Margin expansion driven by product mix, localization and improved penetration

ABB is fairly comfortable about its gross margin, which stood at 36.8% in CY23, and it has achieved these gains through an improved product mix, increased localization, and a deeper penetration in markets, which we believe will sustain. The company intends to maintain its gross margin at this level through value-added products and a deeper penetration in markets despite a higher share of large projects and waning down of RM tailwinds. Improved employee productivity and control over costs led to strong margins of 15.1% despite an adverse impact of forex of INR100m in 4Q.

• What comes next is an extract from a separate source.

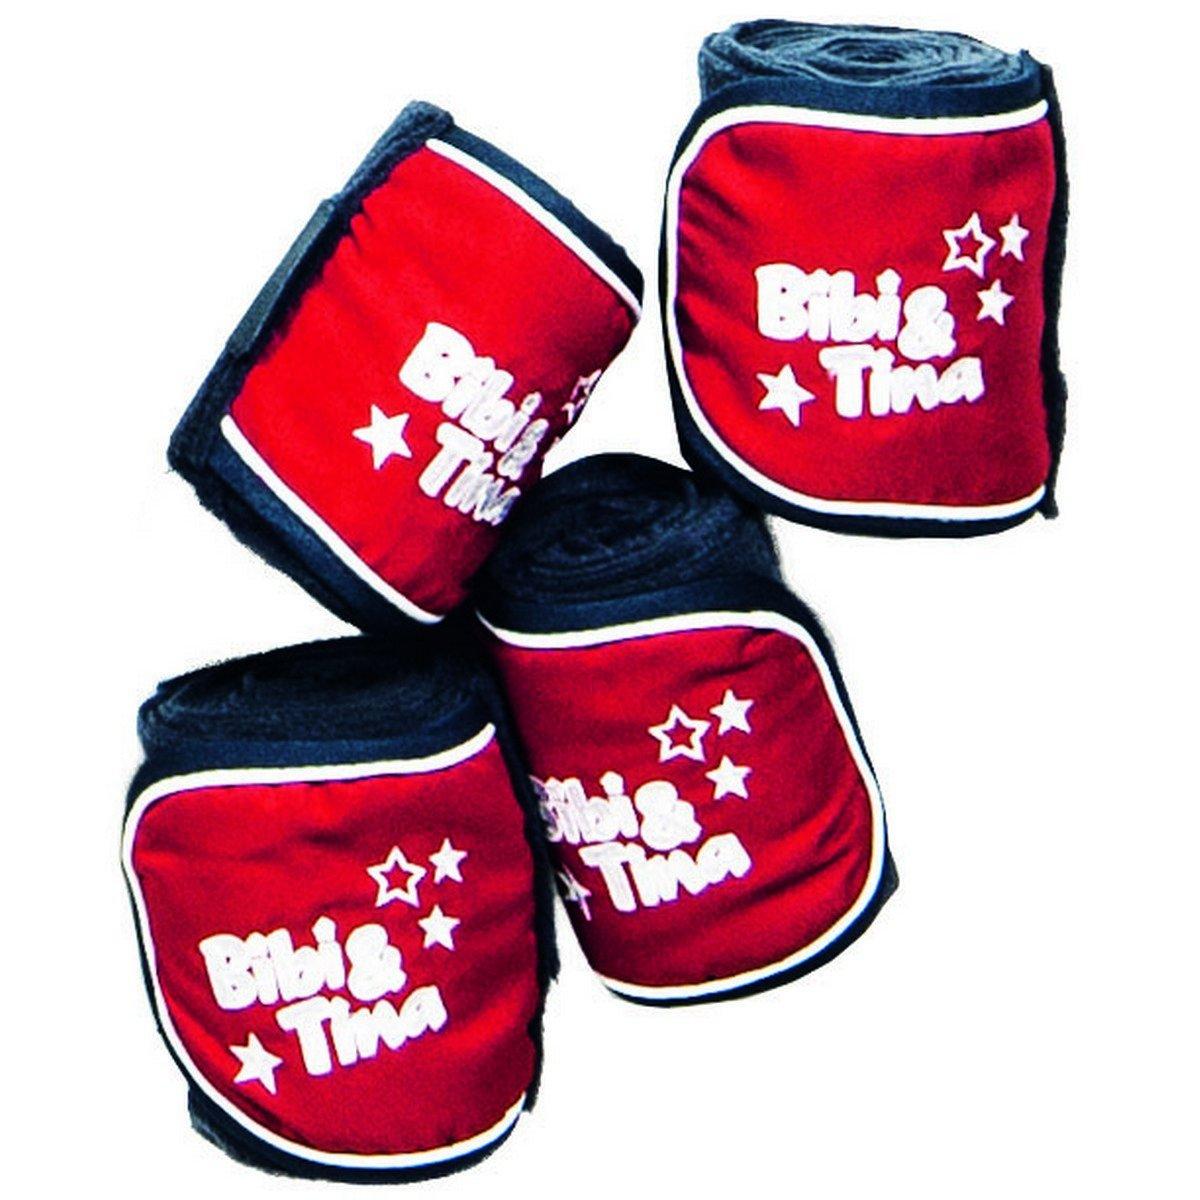 Afbeelding van Bibi & Tina Fleecebandages Set Van 4 Donkerblauw/rood 200 Cm

Segment-wise performance was strong from electrification and process automation

The electrification segment is witnessing strong traction from data centers, OEMs, and major metals and energy players and will also see improved inflows from renewable projects. The motion segment has benefited from large orders for traction motors in 3Q/4QCY23, but its margins were impacted by forex fluctuations on import dependence for drives. We expect the motion segment to continue to benefit from a strong addressable market for railways and metro-related projects. The preference for quality products from ABB is also helping the company tide over aggressive pricing in some segments of motors. Process automation order inflows came from sectors such as power, metals and logistics, and service orders due to the healthy installed base. Robotics has seen delays in finalization, which will start coming in the next few quarters. Overall, we expect ABB to benefit from increasing investments across: 1) electrification – driven by T&D & renewable power (INR2.4t), data center (INR400-500b), and EV charging (INR140b); 2) motion and mobility – led by planned investments by the government in metro, high-speed rail and RRTS (INR5-6t); 3) industrial automation – driven by a surge in investments in smart manufacturing led by PLI (INR4t); and (4) robotics.

Financial outlook

We raise our CY24/CY25 EPS estimates by 2%/4.4% to bake in better margins and higher other income. We expect a CAGR of 18% in ABB’s order inflow over CY23-25 and expect a CAGR of 23%/22%/20% in revenue/EBITDA/PAT, driven by EBITDA margin of 13.7%/13.9% in CY24/CY25.

Valuation and recommendation

We increase our DCF-based TP to INR5,800 from INR5,480, implying P/E of 65x on Mar’26E EPS. ABB remains our top pick in the sector.